Thursday, 4 April 2013

Why You Should Not Use WinBUGS (or OpenBUGS)

The BUGS project did a lot to bring Gibbs sampling to the masses. But by using a non-mainstream development environment, it has painted itself into a corner.

My initial objection to using BUGS was that WinBUGS only ran on Windows PCs. That meant I couldn't run it on my desktop, and I couldn't run it on the university high-end cluster. The only way I could run it on a Linux box would be to set up a Windows Virtual Machine.

Attempts to run it using Wine on my desktop would fail with odd errors - current one is "trap #101" and a traceback list, although I've also seen various memory errors once I have started it. I can't trust it to be doing anything right.

Trust was another reason I was far from keen on using WinBUGS. It was released under a closed-source license. There was no right to modify or redistribute WinBUGS. There was even a fee for a registration code that unlocked some features - although that fee is currently $0 and the unlocking key is freely available.

The last patch for WinBUGS was dated August 2007, over five years ago. The most recent update on the WinBUGS development page talks about a beta-test period ending nearly nine years ago. Because things have moved on. In 2004, OpenBUGS was born. The code was made available under the GNU GPL, a license that allows modifications and redistributions, and most of all allows - indeed insists on - access to the source code.

So let's look at the source code. The Download page on the OpenBUGS site even has a Linux Download section with a link to a 'source package'. But this turns out to be misleading - its actually a binary shared library with a short C file that links to it and calls the main routine in it. Where is the source code? It supposes to be on SourceForge, but although there appears to be code checkins, I find nothing in the SVN repo:

I'm sure this has all worked before. So what's going on now? In desperation, I emailed one of the developers. He reports they are ironing out a few wrinkles in the source code, and everything will be back to normal within a few weeks.

Even when I do have the source code, development is problematic. The code is written in Component Pascal, and can only be read with the BlackBox Component Builder from Oberon Microsystems. The files are not plain text. The Component Builder only runs on Windows. An email on the OpenBUGS mailing list in July 2012 claims that the BlackBox tools have been abandoned by their own developers, which is why there's no true 64-bit OpenBUGS.

How the Linux binary is produced is also a mystery. I can't find any clues on the OpenBUGS developer pages about how to build it. Clearly some kind of cross-compilation or embedding of Windows code is needed. But a handy guide to do it, I can not find.

Other open-source software is not as difficult as this. Most R packages install from source code with a one-line build command. Installing python packages can be as simple as 'pip install packagename'. I can configure, compile, and build a major open-source GIS in two command lines. Why has OpenBUGS got so difficult?

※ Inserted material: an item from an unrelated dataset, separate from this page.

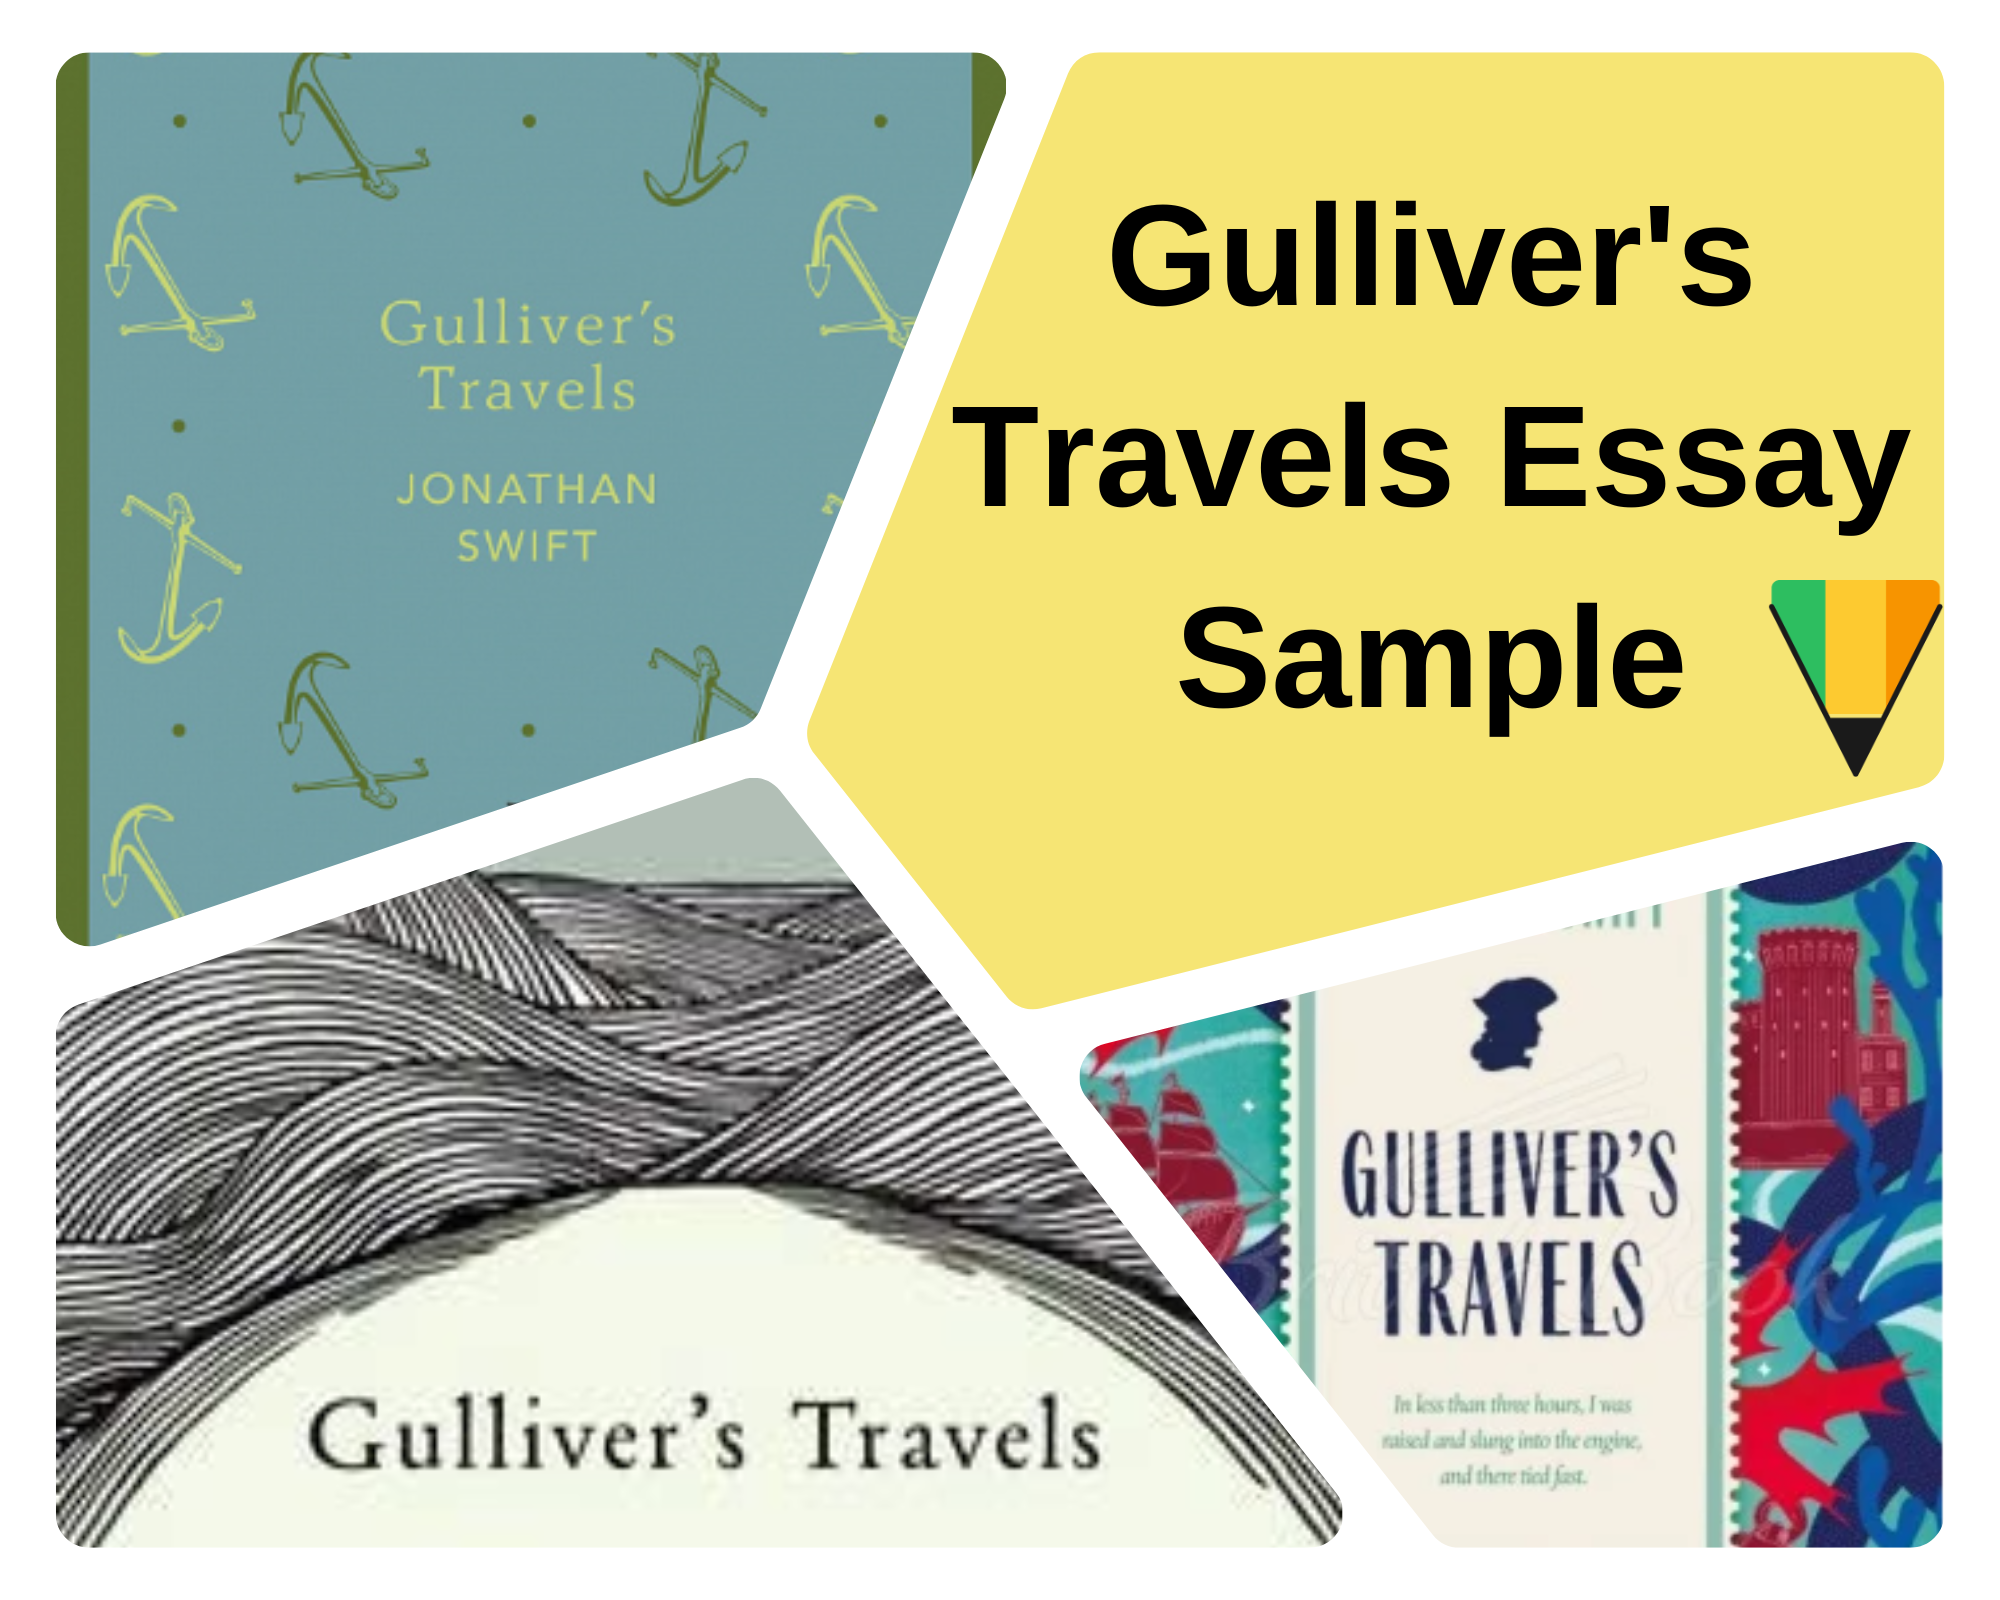 Gulliver's Travels Essay Sample

  • It used a very niche language and toolset. Pascal, and Component Pascal, was a minority interest back when the BUGS project started. But they got in deep pretty soon. Even though the language is perhaps richer than the C and C++ systems of its time, they've been hit by the problem outlined in "Don't be Distracted By Superior Technology" by James Hague.
  • It targeted Windows only, providing a low barrier to entry for simple users. However, by not building a cross-platform solution it alienated more technical users running Unix variants, the sort of people who form the majority of developers.
  • It failed to build a community. By not attracting developers, development was reliant on the paid staff. The current page of "Future Developments" has plenty of things that people could be getting on with, but the esoteric and restricted development environment shuts out many people.
  • It opened up too late. Now we have true open-source alternatives that can run many of the BUGS models - such as JAGS, stan, PyMC, and several specialised R packages. These packages are also easy to extend with custom distributions and models. Few people are going to put development effort into OpenBUGS now.
So what of the future? If the BlackBox Component Builder is dead, then there is a big brick wall ahead once that stops working with the current version of Windows. It is Open Source, but probably requires an elite skill set to get it working. But if that goes not only will you not be able to run your models, you won't even be able to open your model files. That's so important I'll repeat that. You will not be able to read your model files. Imagine not being able to open your old Word files. Oh wait, you probably cant.

 There's a paper in Statistics in Medicine (2009) by David Lunn et al that talks about a foundation for BUGS code, but there's no sign of this existing as of now. Plenty of other projects thrive without needing a foundation, you just have to open the code, make working with it easy, and people will come. I'm not sure if this is possible without re-implementing OpenBUGS in a mainstream language such as C++ or Python. Without doing that, OpenBUGS is a dead end.